I'm always a little nervous when people introduce me as a foodie. It's true that I love food and love cooking, but I would hesitate to describe myself as a good cook. I'm well aware of my shortcomings - gaps in my knowledge and my technique, and the more than occasional mediocre dish that I produce.



However, every now and then I cook something that makes me think that maybe I do deserve to be described as a good cook. It's usually when I bring together some slightly unusual ingredients in an inspired combination that I have not knowingly copied from anywhere else, and this was the case with this meatball curry that I cooked up this evening, having spent the day out drinking beer on the first Saturday of Carnival. The ingredient which lifts it up onto another level is the inclusion of some squid in the meatball mixture.

Ingredients
meatballs
100g squid, cut into small pieces
1 leek
2 cloves of garlic
1-inch piece of fresh ginger
500g minced pork
2 tbsps light soy sauce
1 tbsp white wine
2 tbsps green chilli chutney (substitute with 1 tbsps of minced green chilli and 1 tbsps lemon juice)
4 tbsps breadcrumbs

sauce
vegetable oil
1 onion

2 cloves of garlic

1-inch piece of fresh ginger
4 kaffir lime leaves
1 stalk of lemongrass
1/2 tin of coconut milk
1 tbsp fish sauce

2 tbsps green chilli chutney (substitute with 1 tbsps of minced green chilli and 1 tbsps lemon juice)


Method
meatballs
  1. Peel and chop the garlic and ginger, and wash and chop the leek.
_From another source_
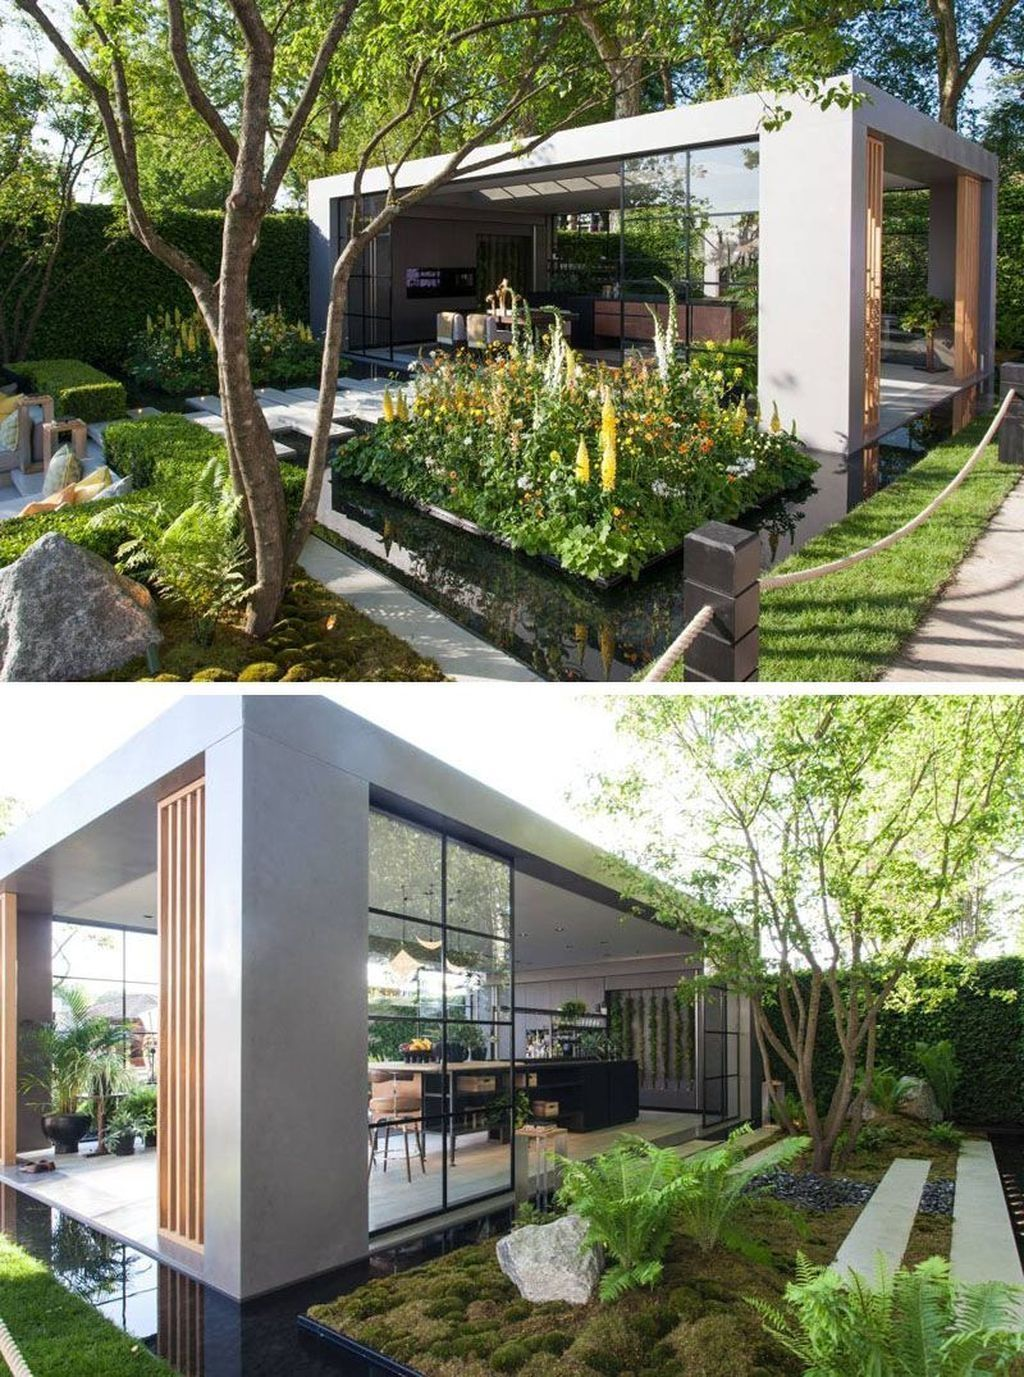 40 Elegant Modern Garden Architecture Design Ideas En 2020 Avec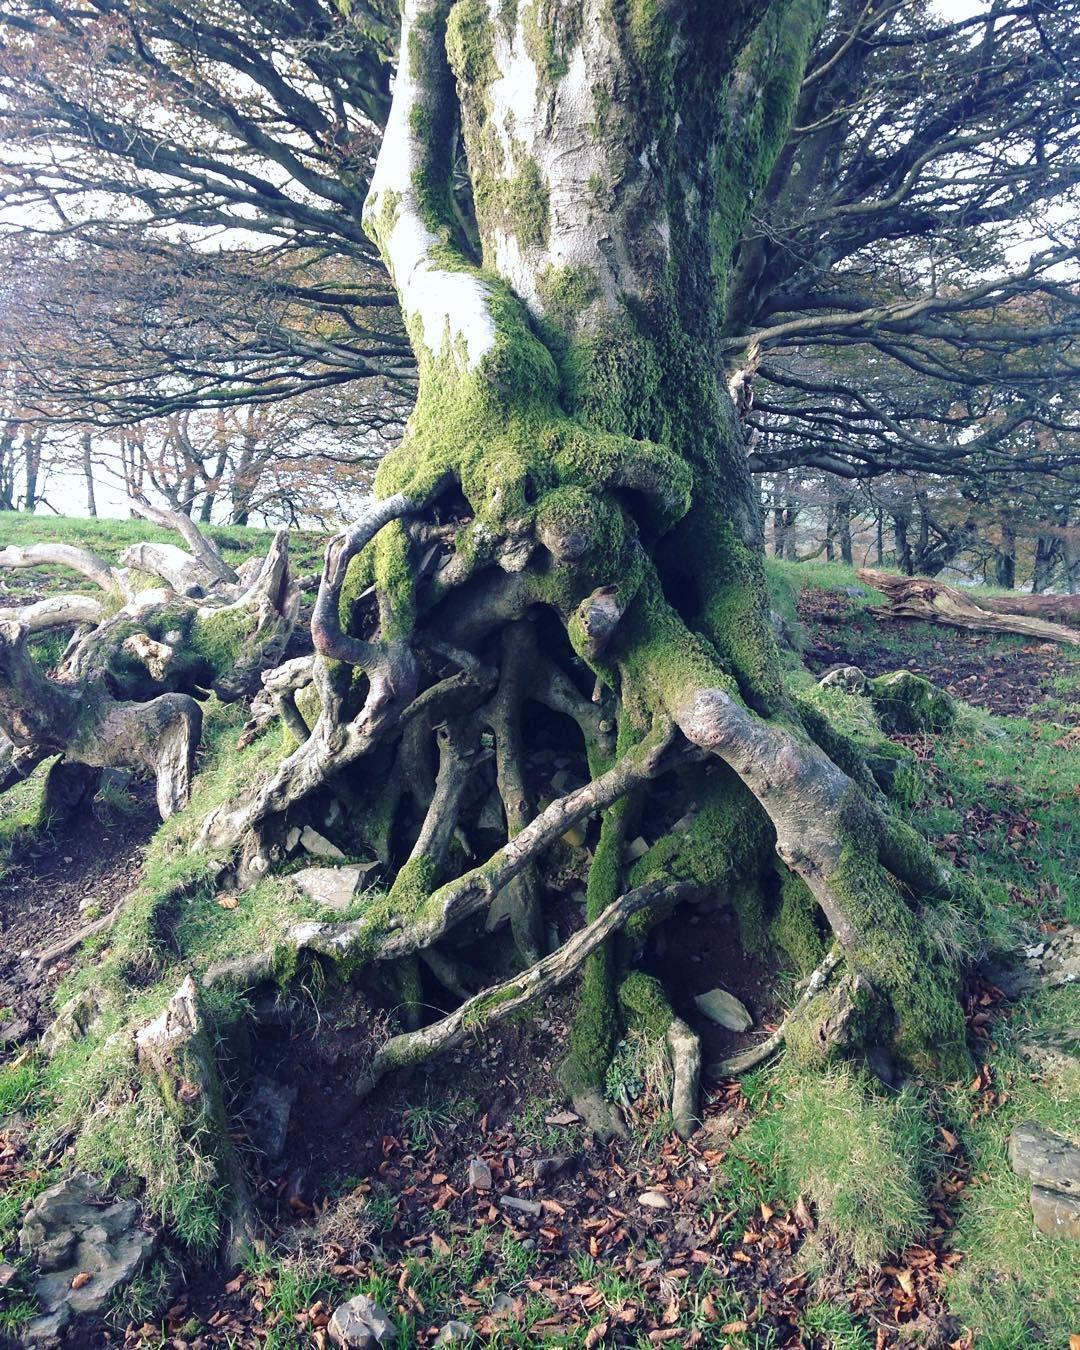 Trees hugging

Put the cuttlefish, leek, garlic and ginger into a food processor, and chop finely. Transfer to a large bowl, add the pork, soy sauce, wine, chilli chutney and breadcrumbs, mix well, return to the food processor and whizz briefly.
  2. Form the mixture into walnut-sized chunks and fry in vegetable oil until browned. (You will probably need to do 2 or 3 batches.) Remove to a plate.

sauce
  1. Peel and chop the onion, garlic and ginger, transfer to food processor and chop finely.
  2. In a medium saucepan, fry the onion mixture gently in vegetable oil. Once the onion has softened, add the coconut milk, kaffir lime leaves, lemongrass, fish sauce and green chilli chutney, and stir well.
  3. Bring to a simmer, then add the meatballs, cover the pan and cook for 10 minutes. Serve with rice.